# powering sirius unit



## shotokanman (Jun 26, 2007)

a tech at the store wired in my sirius to power from the fuse box (reworked the cig plug somehow, anyway) but it is from a keyed power source, i.e., when you shut the car off the receiver powers off. If I change the power source to the radio fuse, will the receiver stay on like the radio does when I shut the car off and then power down when I take the key out? 03 jetta, not that it matters.
thanks


----------



## lkchris (Apr 1, 2008)

*Re: powering sirius unit (shotokanman)*

A power source that works like you desire would have to come from the radio, not to the radio. Kind of like antenna power.


----------



## jlong1987 (Oct 9, 2007)

You would need to tap into a wire under the steering column called the Key Sense Wire which does exactly what it sounds like and detects when the key is in the ignition. When the key is in the ignition it completes a circuit and you have power, no key no power.
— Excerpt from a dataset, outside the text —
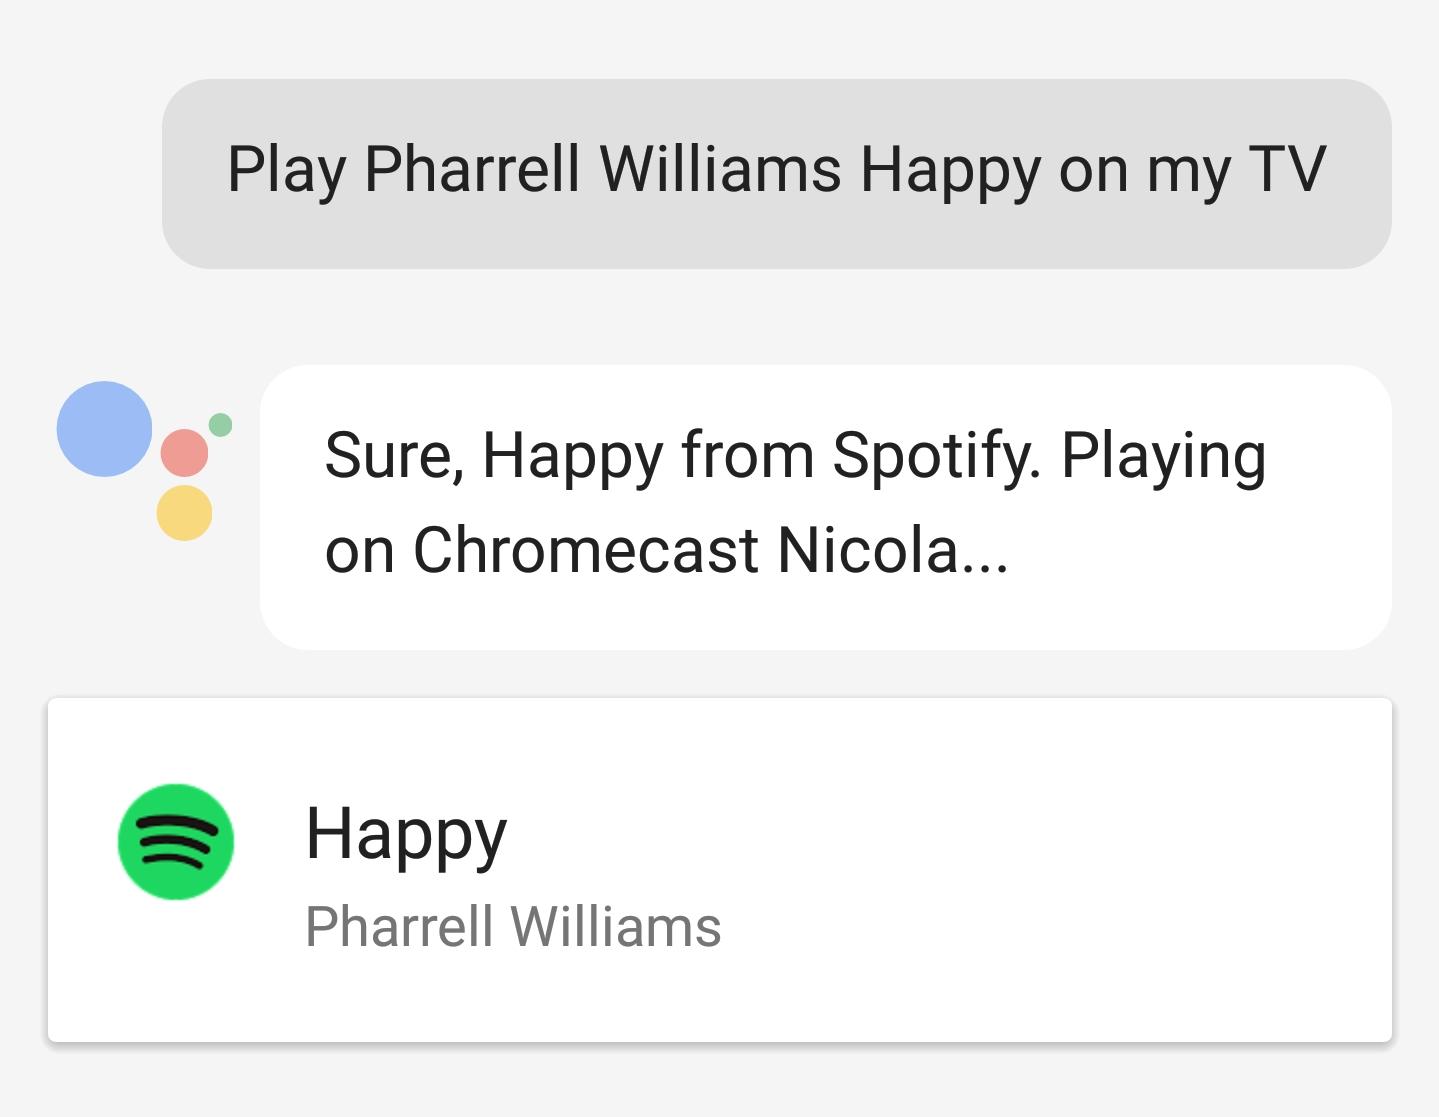 Praise Slow Google] It's now possible to control Chromecast

You will need to use a Bently Manual to find out which wire it is for your particular model.


----------



## 95getta2slo (Sep 29, 2008)

*Re: (jlong1987)*

i have mine wired into the cigg lighter and it stays on like the radio does with the key in it. only problem with that is i hafta continuously turn it of as it doesnt turn off when key is pulled. it dealable


----------